About the split, yes, this should be fixed. But with 3D support for instance
the application usually display the whole frames.

> * But it's also possible that parts of the video are simply clipped.
>   Think scrolling a YouTube web page down until the video is only
>   partially visible. Or a dialog popping up in front of the video. Such
>   clipping must not only be detected on the Spice server when attempting
>   to match screen updates with the original video stream, it must also
>   be replicated when the client displays the frames it decoded.
>   Otherwise the video will obscure areas it's not supposed to (e.g. the
>   browser's title bar and tabs).
> 

Our protocol supports clipping. Still sending the clipping require a
more aware guest driver.

> * A variant is that a lot of applications apply overlays to the video,
>   some of them are even translucent: think YouTube ads/comments or movie
>   subtitles. Now you need to send those to the client so it can display
>   them on top the video it decoded. But how do you detect these
>   overlays? It seems like you'll have to decode the video on the server,
>   scale it just right, diff it with the video displayed by the guest
>   application, and send the diff to the client. All that efficiently
>   both from a server CPU usage point of view, and from a network
>   bandwidth one. (otherwise what's the point?)
> 

Yes, quite hard, would need to understand how application handle
the overlay, if using double buffer, drawing directly on top of
the stream or whatever. This could be quite overkilling :(
On the other side considering the possible bandwidth and CPU reduction
a bit of duplication with the overlay would not be a problem.

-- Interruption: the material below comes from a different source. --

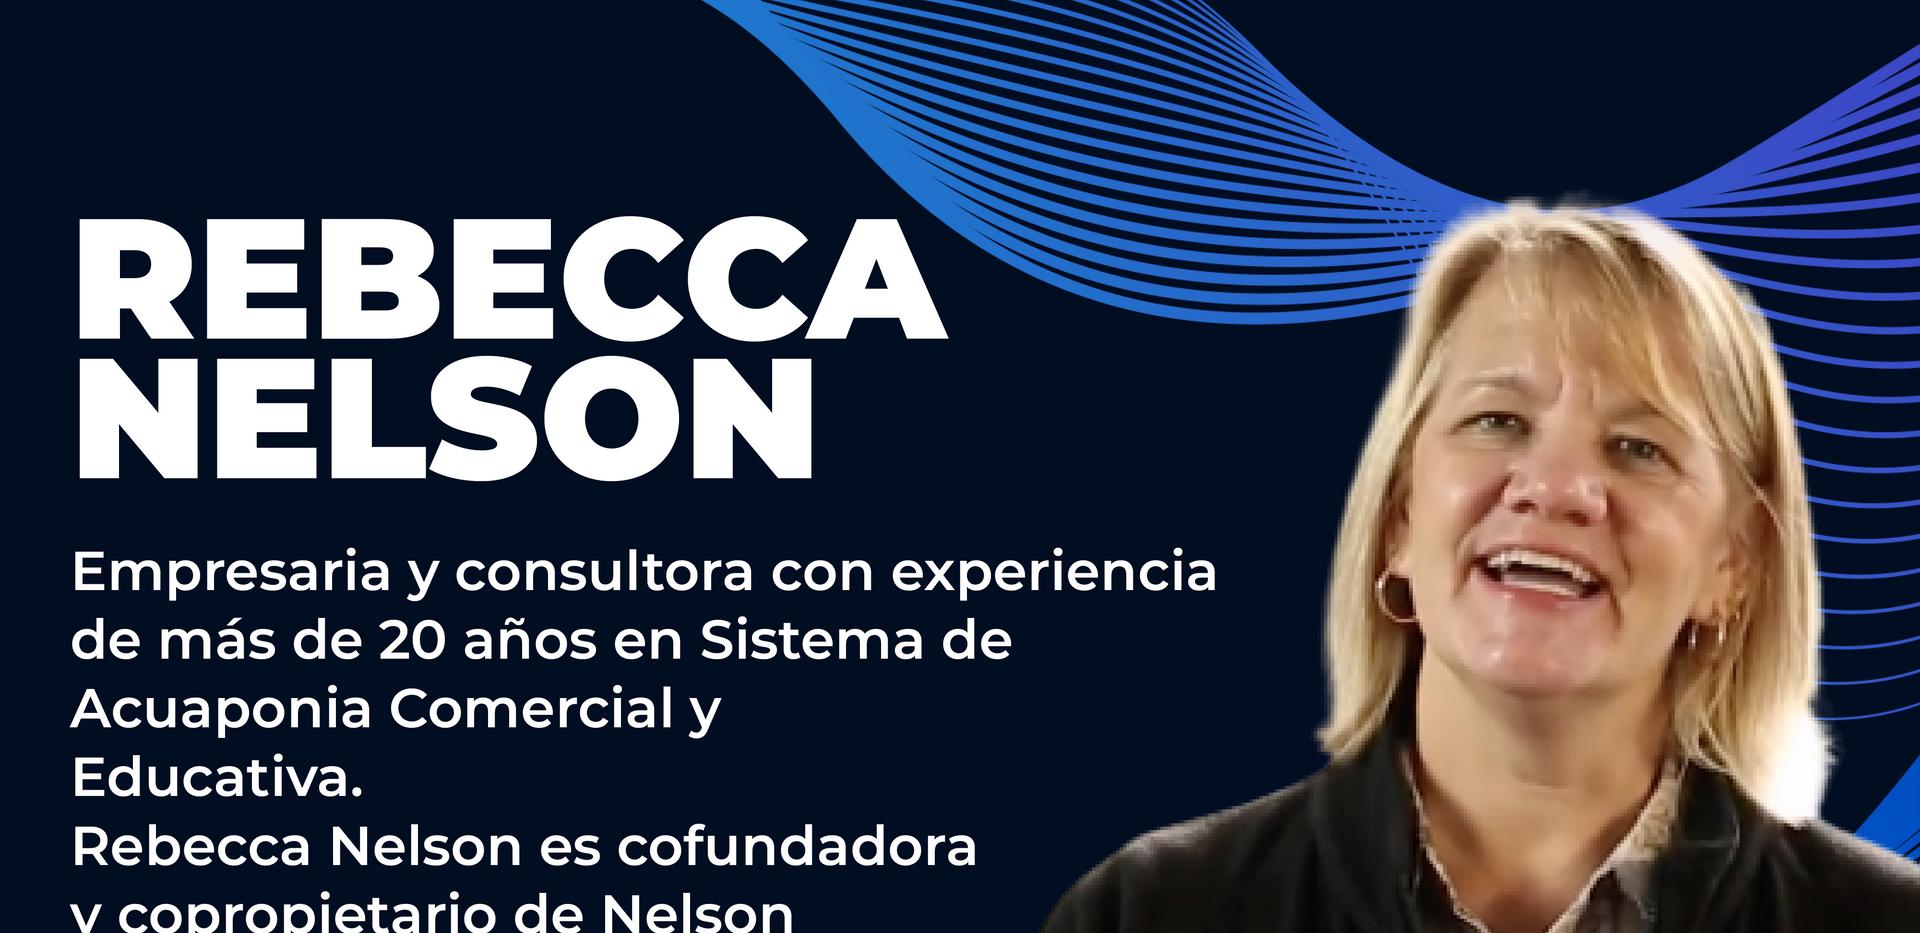 REBECCA NELSON ESP.png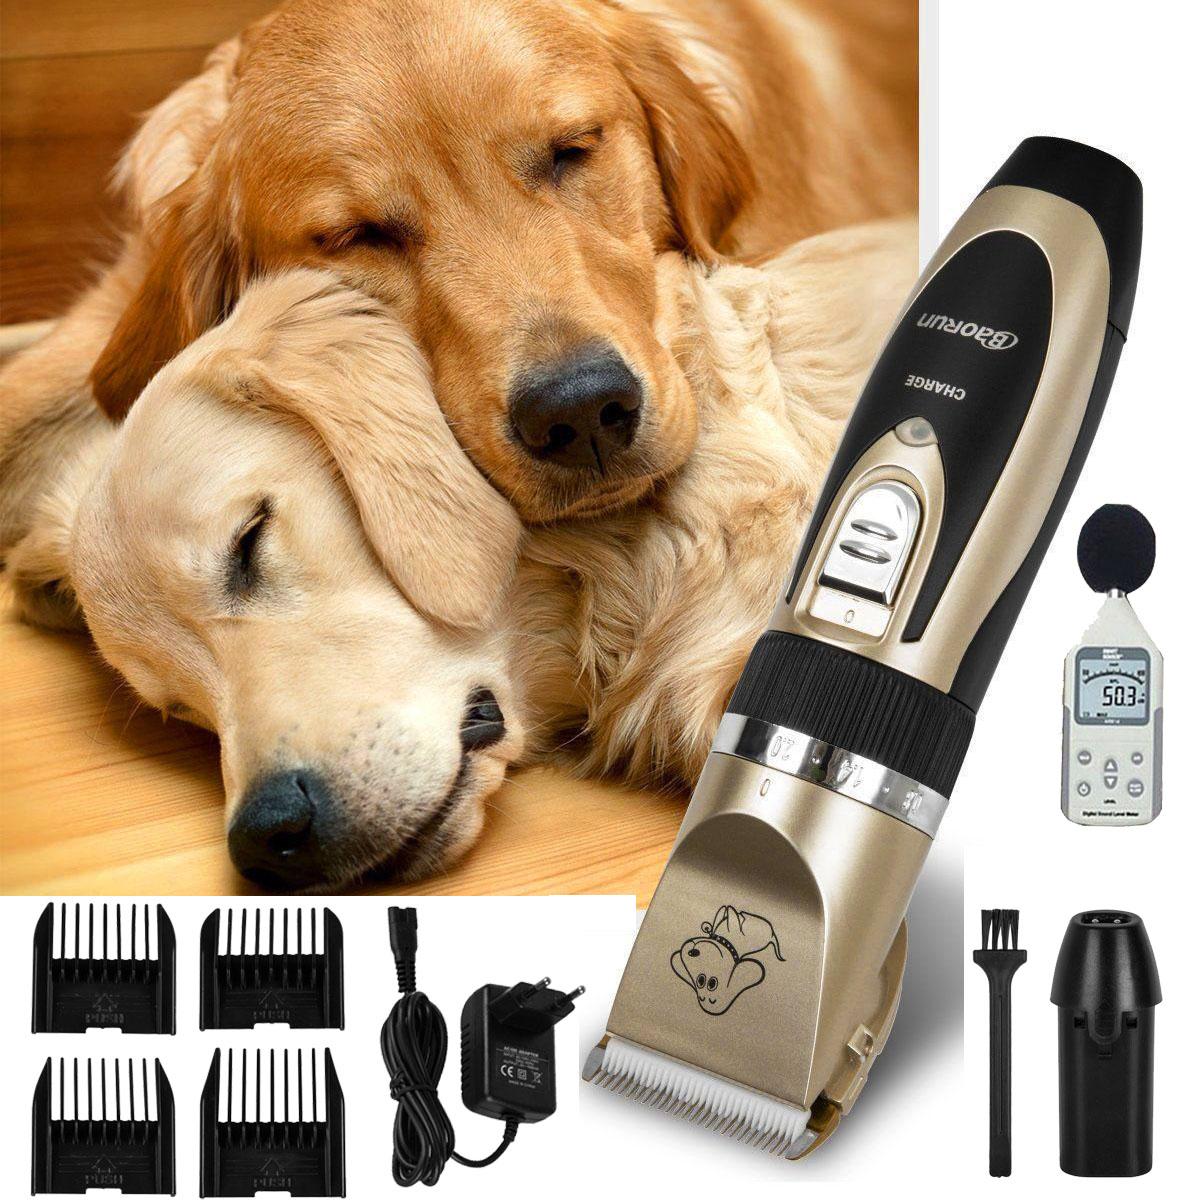 profi tier haarschneider hunde katze akku keramik schermaschine rasierer trimmer ebay. Black Bedroom Furniture Sets. Home Design Ideas

> * One way to avoid the Spice server-side issues would be for the decoder
>   to return fake content that's constant, like a green screen. Then the
>   Spice server no longer needs to match screen updates since there are
>   none. But you still have all the issues with transcoding applications,
>   figuring out where to display the video on the client, clipped videos,
>   overlay detection and handling, sending translucency information, etc.
> 
> * Then there's all the niggly details like expanded codec support, what
>   happens when a passthrough-capable client connects or disconnects
>   while a video is already playing, or what happens when a
>   passthrough-capable client connects at the same time as a
>   non-passthrough-capable one, etc.
> 

The possible guest driver would advise the codec supported and application
stop using our decoder if new profiles are not implemented.
Yes, supporting connection/disconnection would require to have control
of the internal compression state to send it at the beginning or simply
in this case you can reencode everything as we are doing now.

> 
> So unfortunately intercepting the original video stream is the easy
> part. The hard part is all the rest :-(
> 

Yes, we are not in the Perfect World (TM) :)

I think in the future we'll have to work more on the guest driver side.
And to support stream pass-throught that's far far much distance to go.